The second version of the Masters of Evil debuted in The Avengers #54, created by Roy Thomas, John Buscema, and George Tuska.

The third version of the Masters of Evil debuted in The Avengers #222, created by Jim Shooter, Steven Grant, and Greg LaRocque.

The fourth version of the Masters of Evil debuted in The Avengers #270, created by Roger Stern, John Buscema, and Tom Palmer.

The fifth version of the Masters of Evil debuted in Guardians of the Galaxy #28, created by Jim Valentino, Herb Trimpe, and Steve Montano.

The sixth version of the Masters of Evil debuted in The Incredible Hulk #449, created by Kurt Busiek and Mark Bagley.

The seventh version of the Masters of Evil debuted in Thunderbolts #3 created by Kurt Busiek, Mark Bagley, and Vince Russell.

The eighth version of the Masters of Evil debuted in Secret Avengers #21.1, created by Rick Remender, Patrick Zircher, and Andy Troy.

The ninth version of the Masters of Evil debuted in Thunderbolts #10, created by Jim Zub, Jon Malin, Kurt Busiek, and Mark Bagley.

==Fictional team biography==
===Baron Heinrich Zemo's Masters of Evil===
The original Masters of Evil (consisting of existing supervillains Black Knight, Melter, and Radioactive Man) was gathered by Baron Heinrich Zemo. Despite attempting to capture the Avengers with Adhesive X and spreading it over New York City, the Avengers find an antidote with the help of Paste-Pot Pete, give it to the Masters in secret, and then send most of the members to jail. Zemo is tricked into opening a container filled with tear gas inside his helicopter, but escapes anyway.

Baron Zemo leads the team in his revenge on Captain America and the Avengers. The team had been joined by the Enchantress and the Executioner, whom Zemo found in their exile to Earth that was imposed on them by Odin for attacking Thor. The Enchantress hypnotizes Thor into attacking the Avengers, but Iron Man breaks him out of the trance. Meanwhile, Captain America is lured to South America to fight Zemo. After defeating Zemo, Captain America returns on Zemo's helicopter and stops Zemo from shooting the Avengers. However, Enchantress casts a spell that gets the helicopter to the rooftop she and the Executioner are on. The Executioner knocks Captain America out by striking his shoulder, and takes him out of the helicopter, after which they all try to escape. The Masters are sent to another dimension in a space warp generated by Thor.

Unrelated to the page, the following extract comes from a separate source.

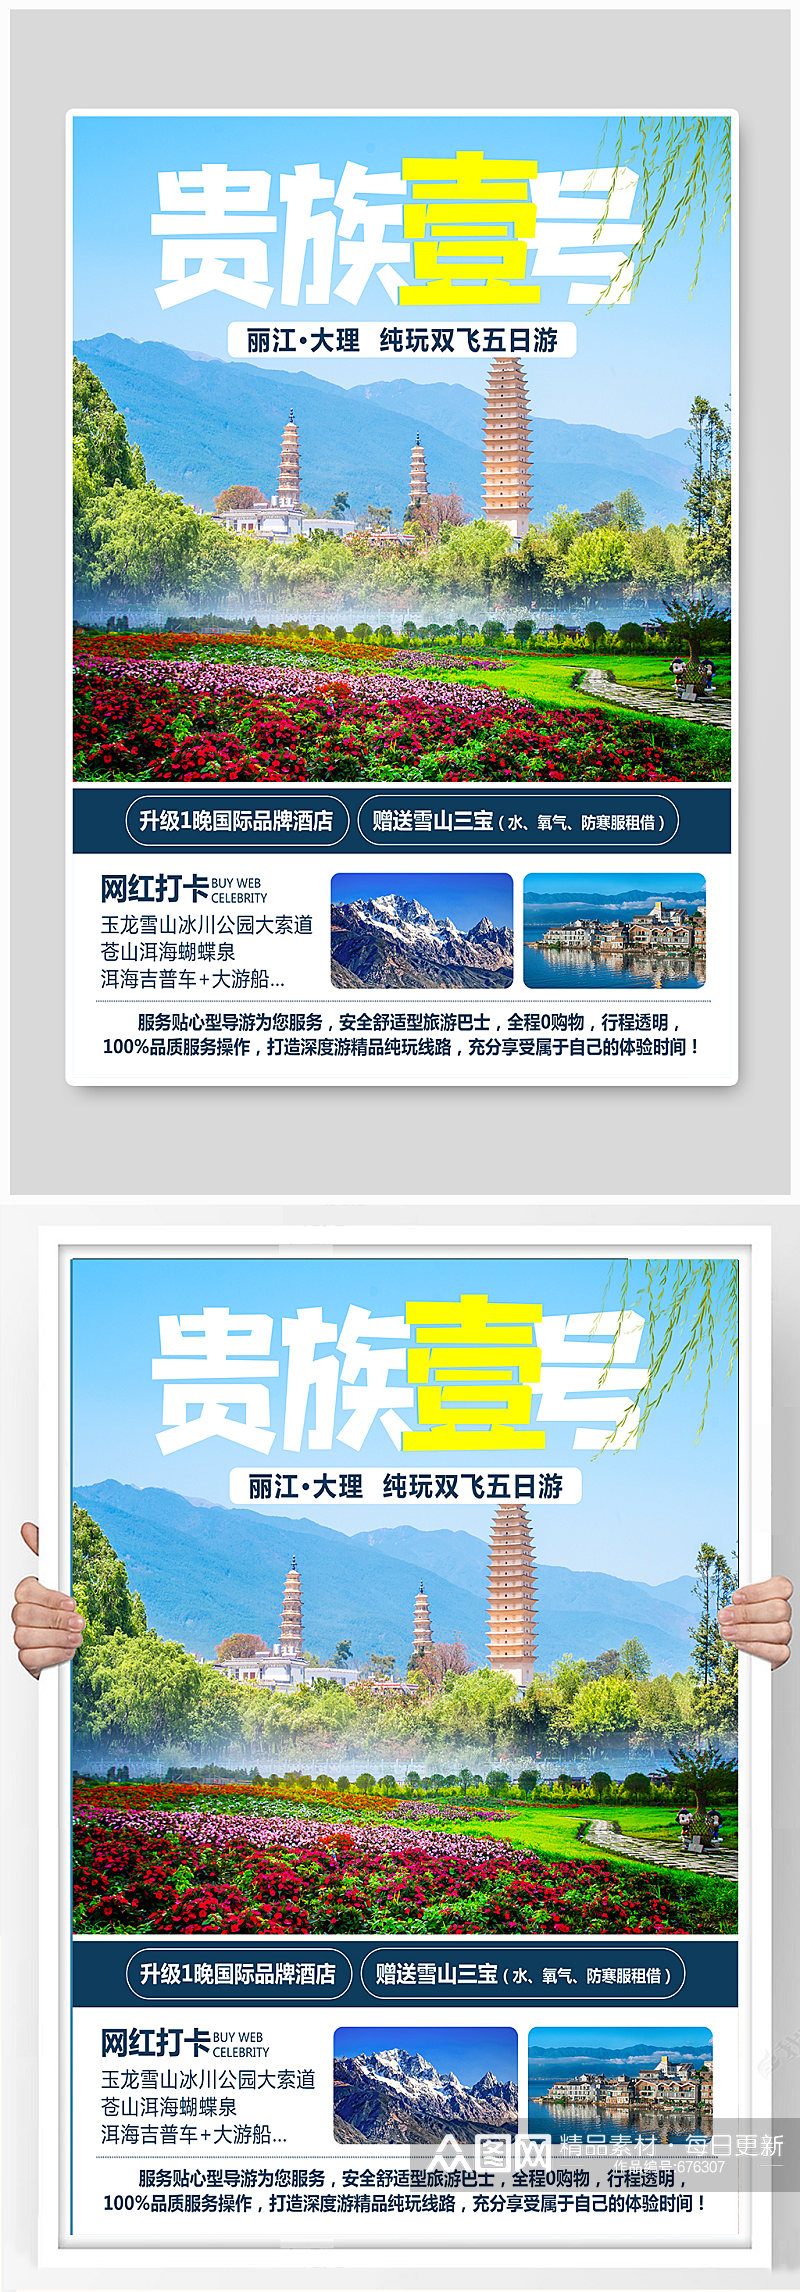 云南旅游宣传海报素材

Two issues later, Enchantress returns them to Earth using a spell. Simon Williams is given superhuman strength with an ionic ray, though he is told he will die in a week unless given an antidote Zemo has. He captures the Wasp and lures the Avengers into a trap, but sacrifices himself to save the Avengers. Immortus appears and offers to help the Masters by defeating the Avengers. He succeeds in sending Captain America to the Tower of London in 1760. The Masters attack the Avengers, but Captain America manages to return. The Enchantress, sensing defeat, sends the villains back in time to before they met Immortus.

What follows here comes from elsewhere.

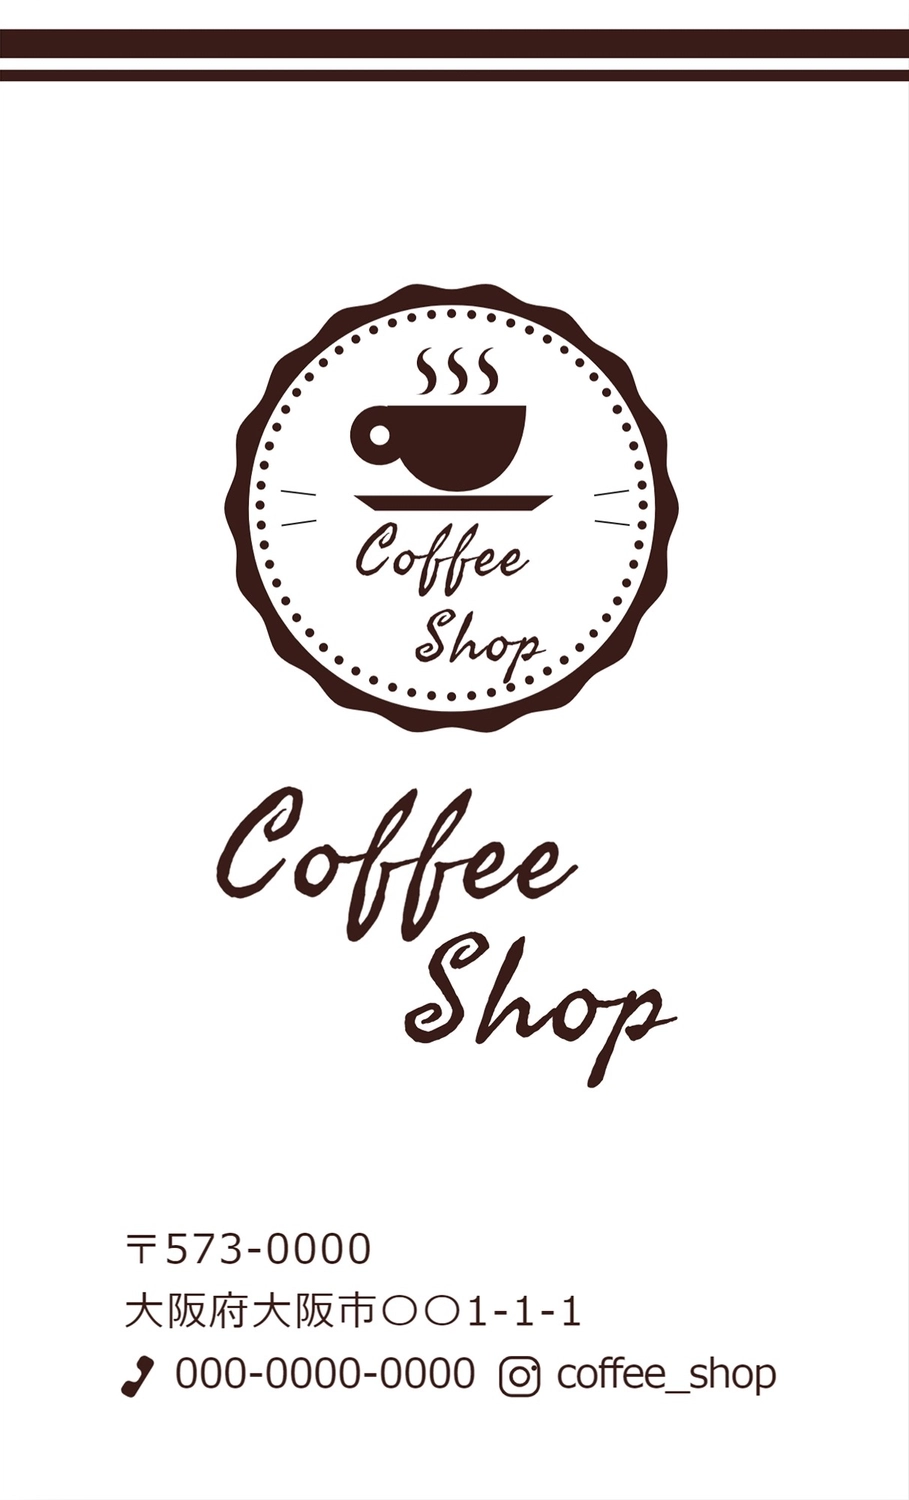 コーヒーショップカード, card, create, design, Sales promotion tool template

In a later issue, Zemo kidnaps Rick Jones with an attractor beam and has the Enchantress and the Executioner release the Black Knight and the Melter (the Radioactive Man having been deported back to China). They attack the other Avengers, forcing Captain America to go alone to Zemo's kingdom to rescue Rick. The Executioner tells the Avengers that a battle in the city would hurt many people, meaning they should surrender. Captain America blinds Zemo with his shield and Zemo dies when he accidentally triggers a rock slide. The Black Knight and the Melter are captured after Thor transports them to another dimension with different scientific laws, meaning their weapons rebound. However, Enchantress and Executioner escape before they can be transported.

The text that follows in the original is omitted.